Un nouvel ordre narratif est-il en train de s’imposer ?
Discourir, parler, raconter, écrire n’est jamais l’exercice d’une liberté fondatrice, mais un acte soumis à des contraintes et des protocoles. Langages prohibés, discours légitimes, on a là un double mécanisme d’exclusion et de légitimation chargés d’ordonner la circulation des discours. En 1971, L’ordre du discours de Michel Foucault dessinait une cartographie des échanges discursifs structurée autour de quatre instances de légitimation : les rituels, les sociétés de discours, les groupes doctrinaux, les modes d’appropriation.

Les rituels mettent en scène les discours autorisés.
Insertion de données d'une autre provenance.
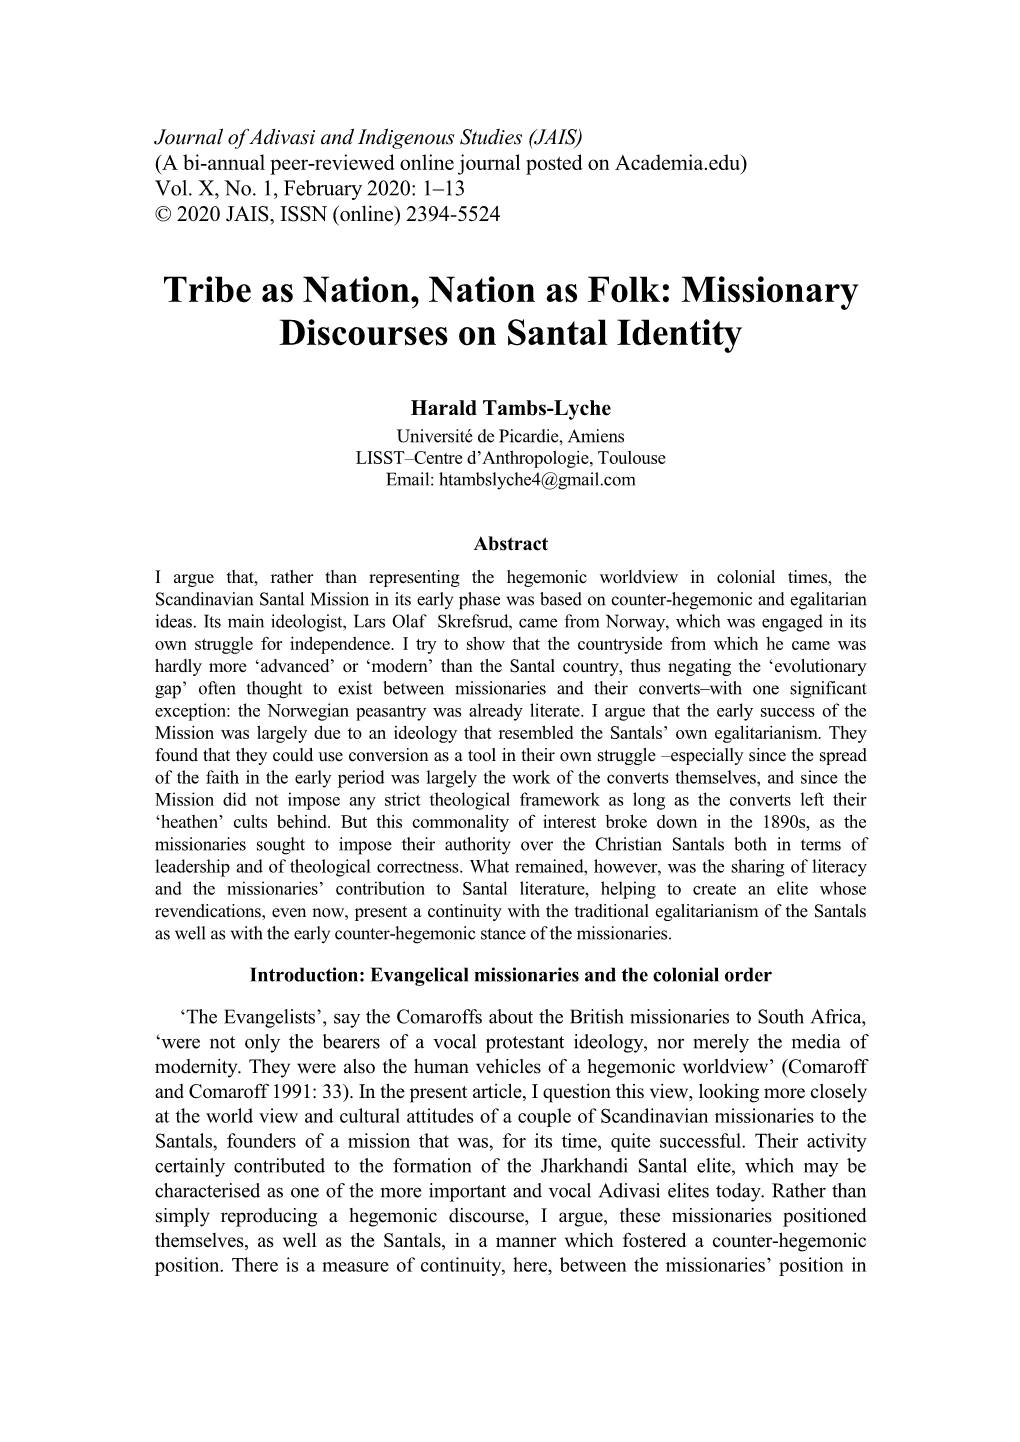 Tribe As Nation, Nation As Folk: Missionary Discourses on Santal Identity

Les sociétés imposent des normes de discours. Les doctrines orientent les contenus. Les groupes sociaux en déterminent les usages et les effets. L’expert veille sur le récit savant, le journaliste sur les informations, l’écrivain sur la fiction, l’avocat sur le témoignage. L’économie des discours ne se contente pas de réguler les échanges. Elle façonne des sujets de discours, ajustés à leur rang, et distribue à chacun les récits qu’il peut, ou doit, porter.
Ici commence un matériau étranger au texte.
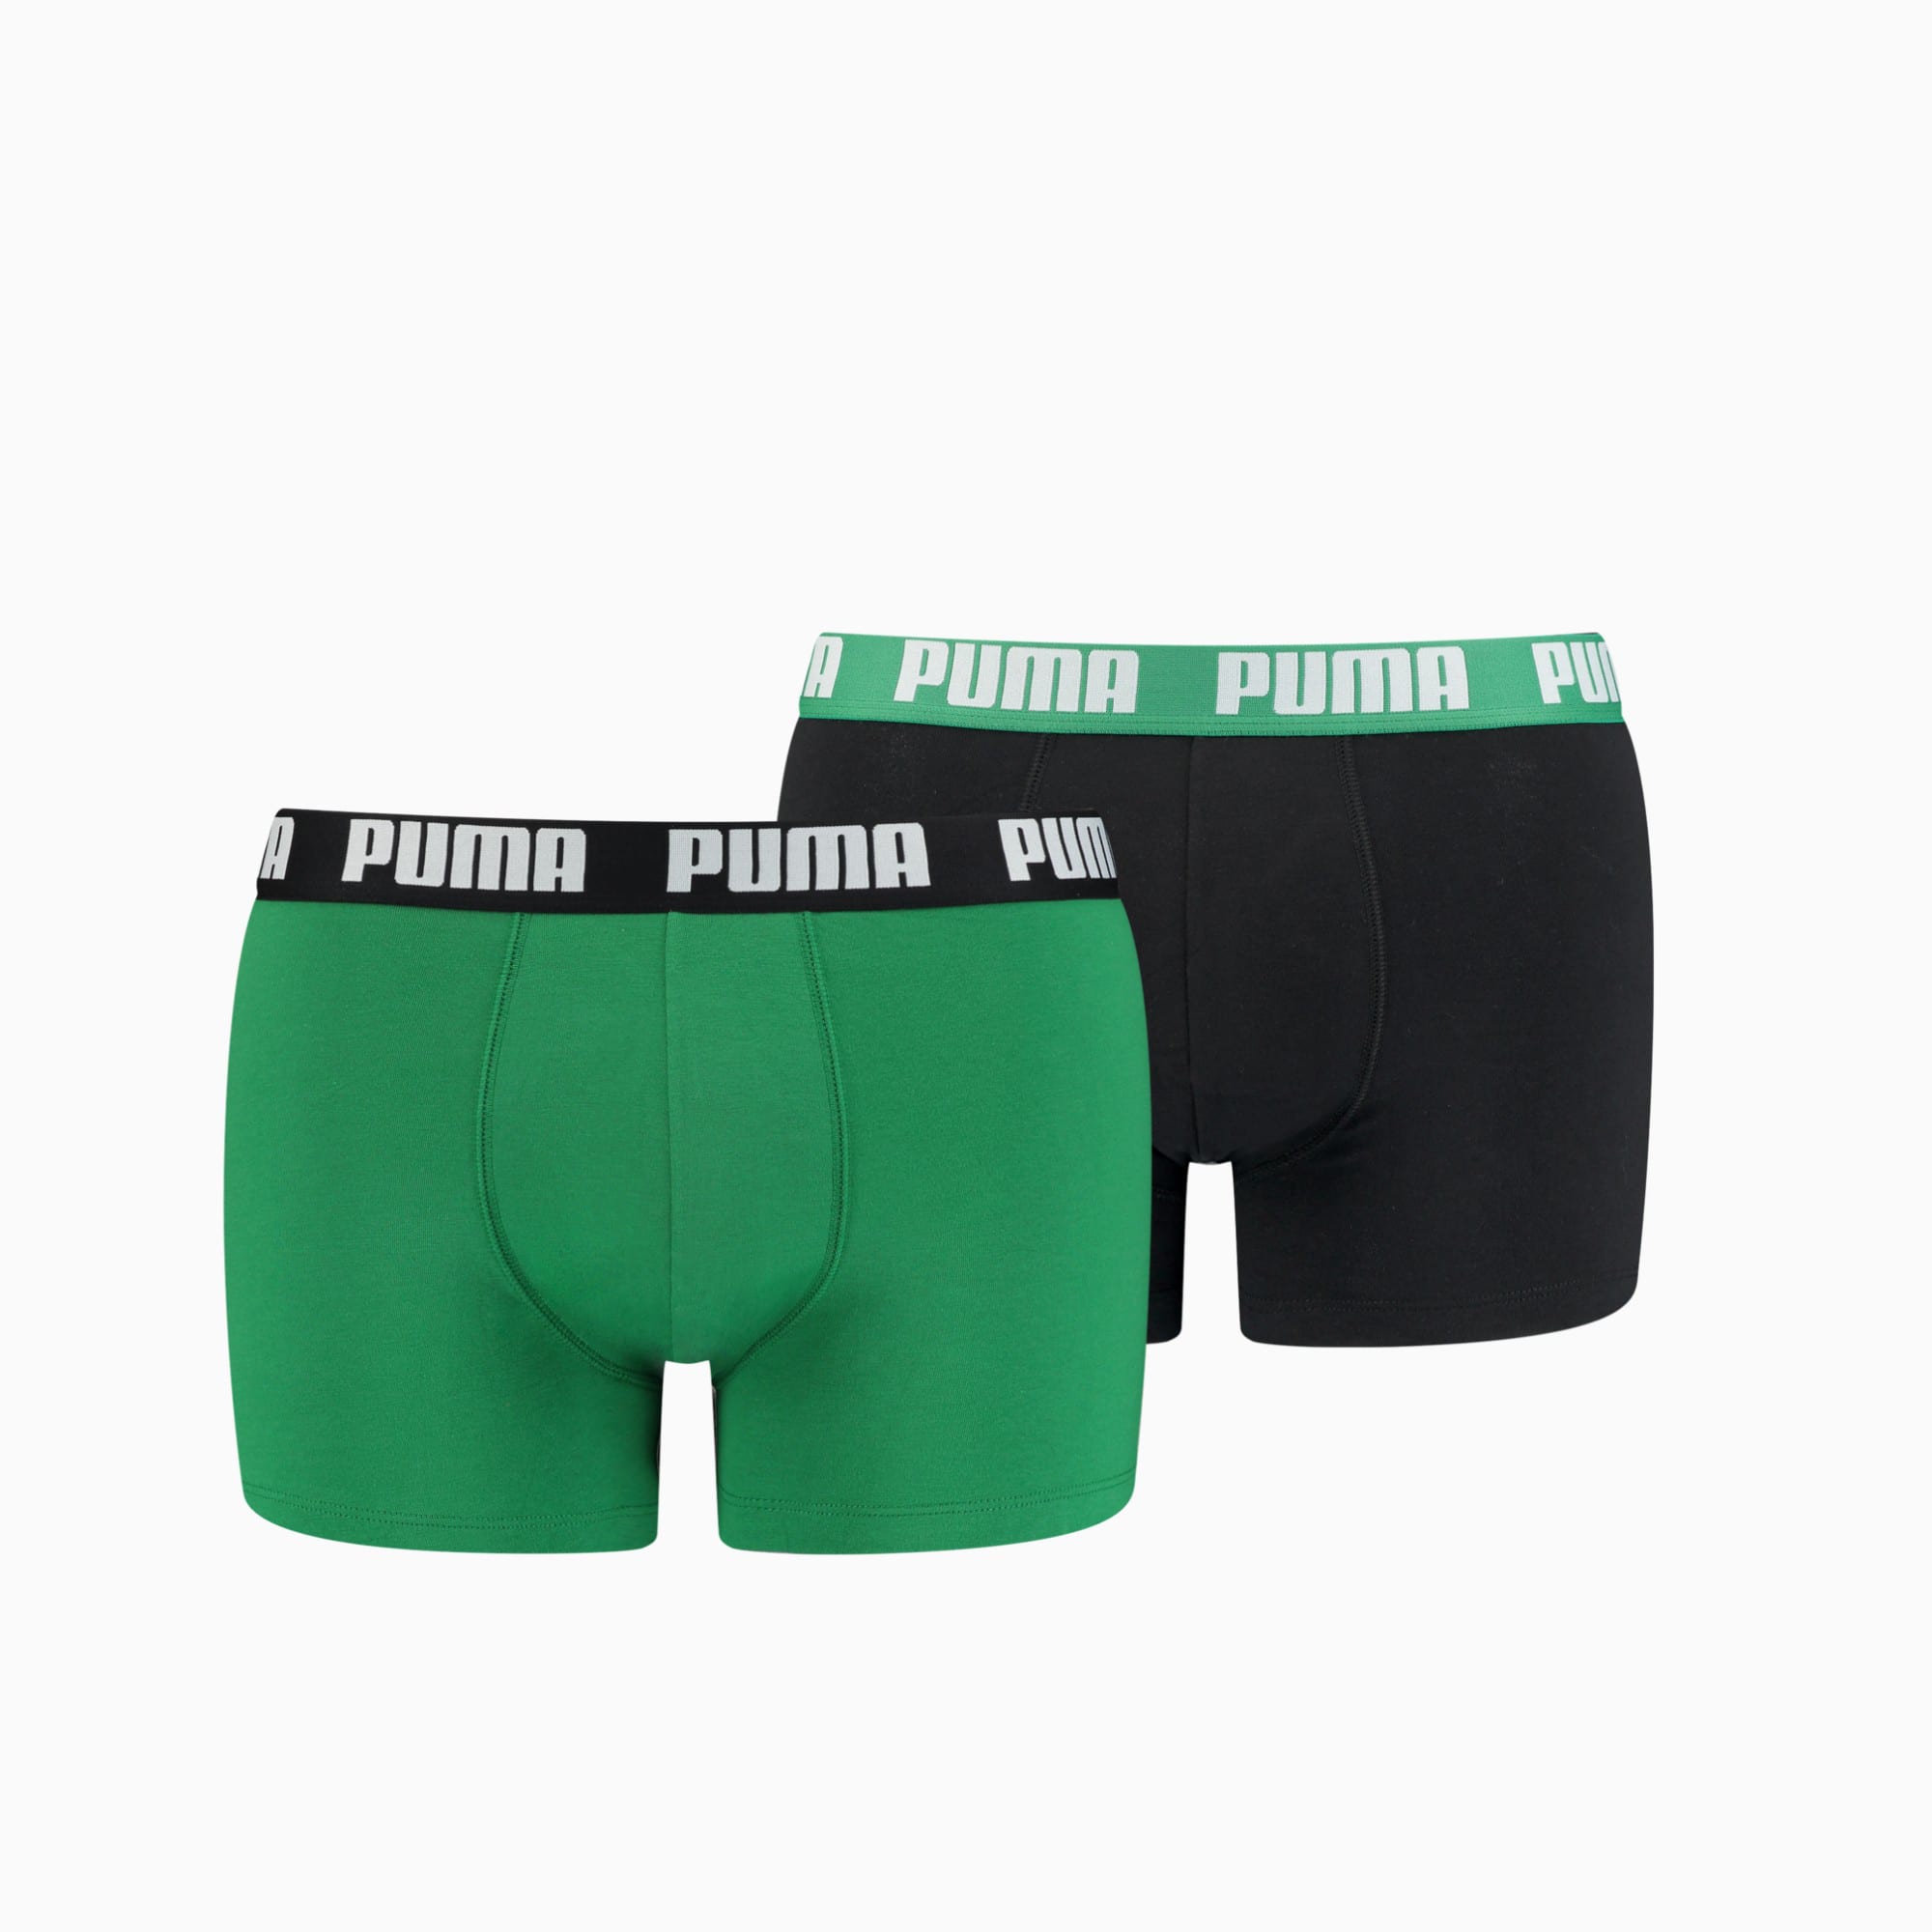 PUMA Basic boxers set van 2, Groen/Aucun, Maat L

Foucault parlait depuis un monde où l’accès à la parole publique était règlementé, filtré par des institutions reconnues – universités, médias, éditeurs, académies – qui imposaient leurs règles explicites à la prolifération des discours. C’était un monde dans lequel l’autorité de la parole s’adossait à la légitimité de celui qui la portait, et la liberté d’expression s’exerçait à travers un système de contraintes, de régulation et d’interdits.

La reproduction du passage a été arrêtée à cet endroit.